To enable concurrent modification of global state (either by parallel deploys in the same block or parallel blocks on different forks of the chain), we view each deploy as a function taking our global state as input and producing a new global state as output. It is safe to execute two such functions concurrently if they do not interfere with each other, which formally can be defined to mean the functions commute (i.e., if they were executed sequentially, it does not matter in what order they are executed, the final result is the same for a given input). Whether two deploys commute is determined based on the effects they have on the global state, i.e. which operation (read, write, add) it does on each key in the key-value store. How this is done is described in Appendix C.

The Casper Network runtime

A wasm module is not natively able to create any effects outside of reading / writing from its own linear memory. To enable other effects (e.g. reading / writing to the Casper global state), wasm modules must import functions from the host environment they are running in. In the case of contracts on the Casper blockchain, this host is the Casper runtime.

Here, we briefly describe the functionalities provided by imported functions. All these features are conveniently accessible via functions in the Casper Rust library. For a more detailed description of the functions available for contracts to import, see Appendix A.

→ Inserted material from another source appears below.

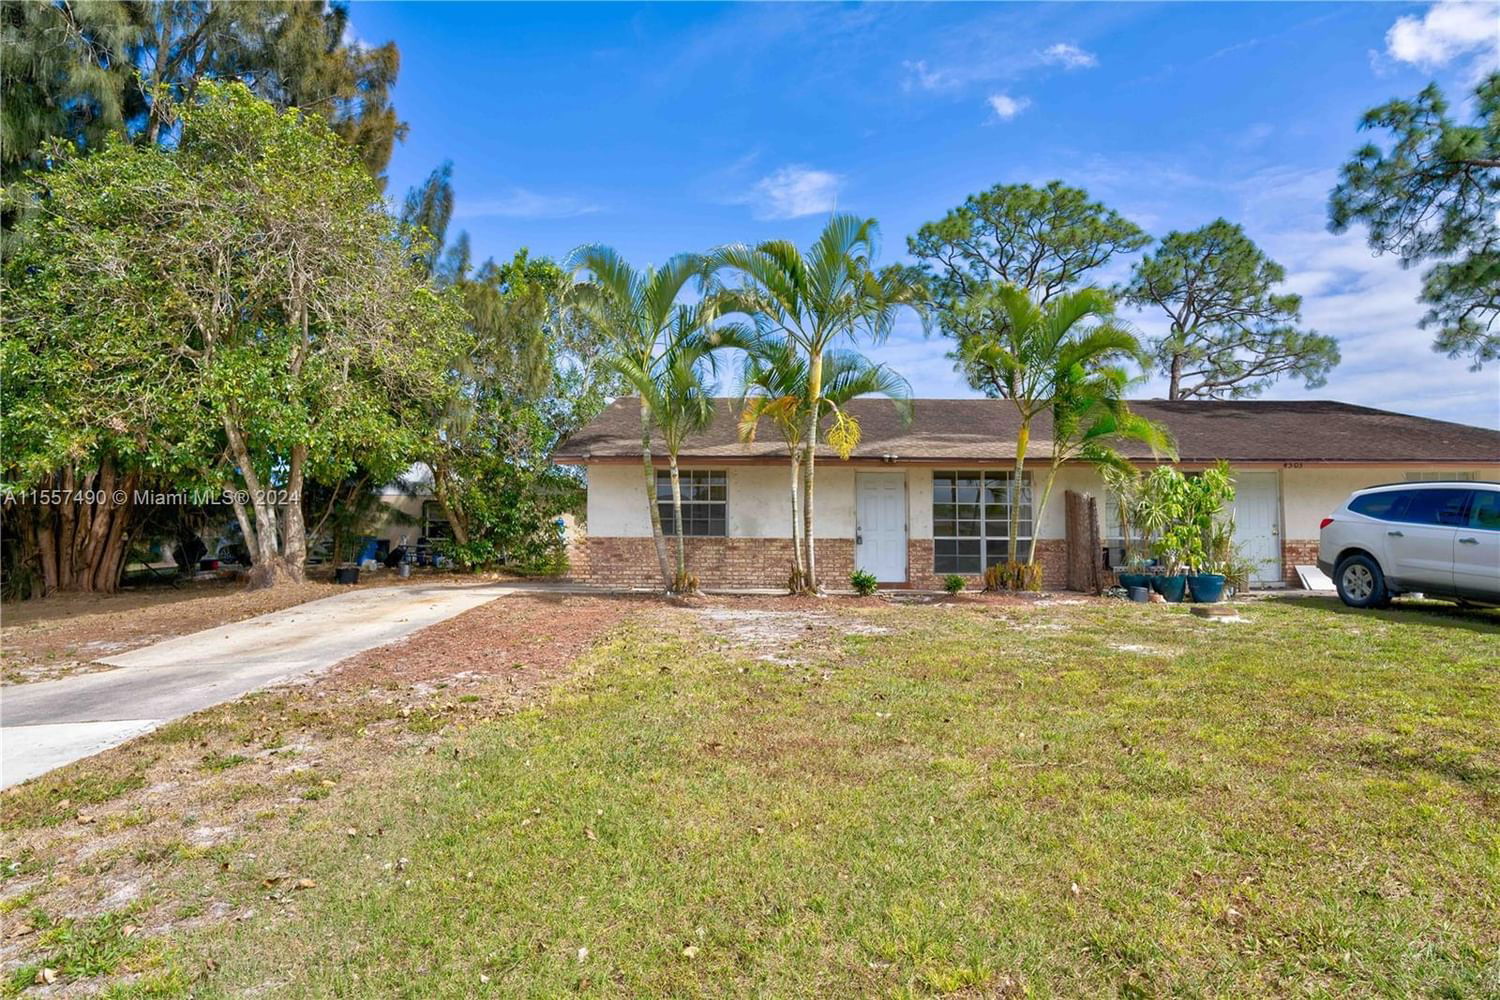 Real estate property located at 96 Norfolk Blvd, Martin County, FISHERMANS COVE, Stuart, FL

• Reading / writing from global state
  • read, write, add functions allow working with exiting URefs
  • new_uref allows creating a new URef initialized with a given value (see section below about how URefs are generated)
  • store_function allows writing a contract under a hash key
  • get_uref, list_known_urefs, add_uref, remove_uref allow working with the named keys of the current context (account or contract)
• Account functionality
  • add_associated_key, remove_associated_key, update_associated_key, set_action_threshold support the various key management actions
  • main_purse returns the main purse of the account
• Runtime flow and properties
  • call_contract allows executing a contract stored under a key (hash or URef), including passing arguments and getting a return value
  • ret is used by contracts to return a value to their caller (i.e. enables return values from call_contract)
  • get_named_arg allows getting arguments passed to the contract (either to session code as part of the deploy, or arguments to call_contract)
  • revert exits the entire executing deploy, reverting any effects it caused, and returns a status code that is captured in the block
  • get_caller returns the public key of the account for the current deploy (can be used for control flow based on specific users of the blockchain)
  • get_phase returns the current phase of the deploy execution
  • get_blocktime gets the timestamp of the block this deploy will be included in
• Mint functionality
  • create_purse creates a new empty purse, returning the URef to the purse
  • get_balance reads the balance of a purse
  • transfer_to_account transfers from the present account's main purse to the main purse of a specified account (creating the account if it does not exist)
  • transfer_from_purse_to_account transfer from a specified purse to the main purse of a specified account (creating the account if it does not exist)
  • transfer_from_purse_to_purse alias for the mint’s transfer function

Generating URefs

URefs are generated using a cryptographically secure random number generator using the ChaCha algorithm. The random number generator is seeded by taking the blake2b256 hash of the deploy hash concatenated with an index representing the current phase of execution (to prevent collisions between URefs generated in different phases of the same deploy).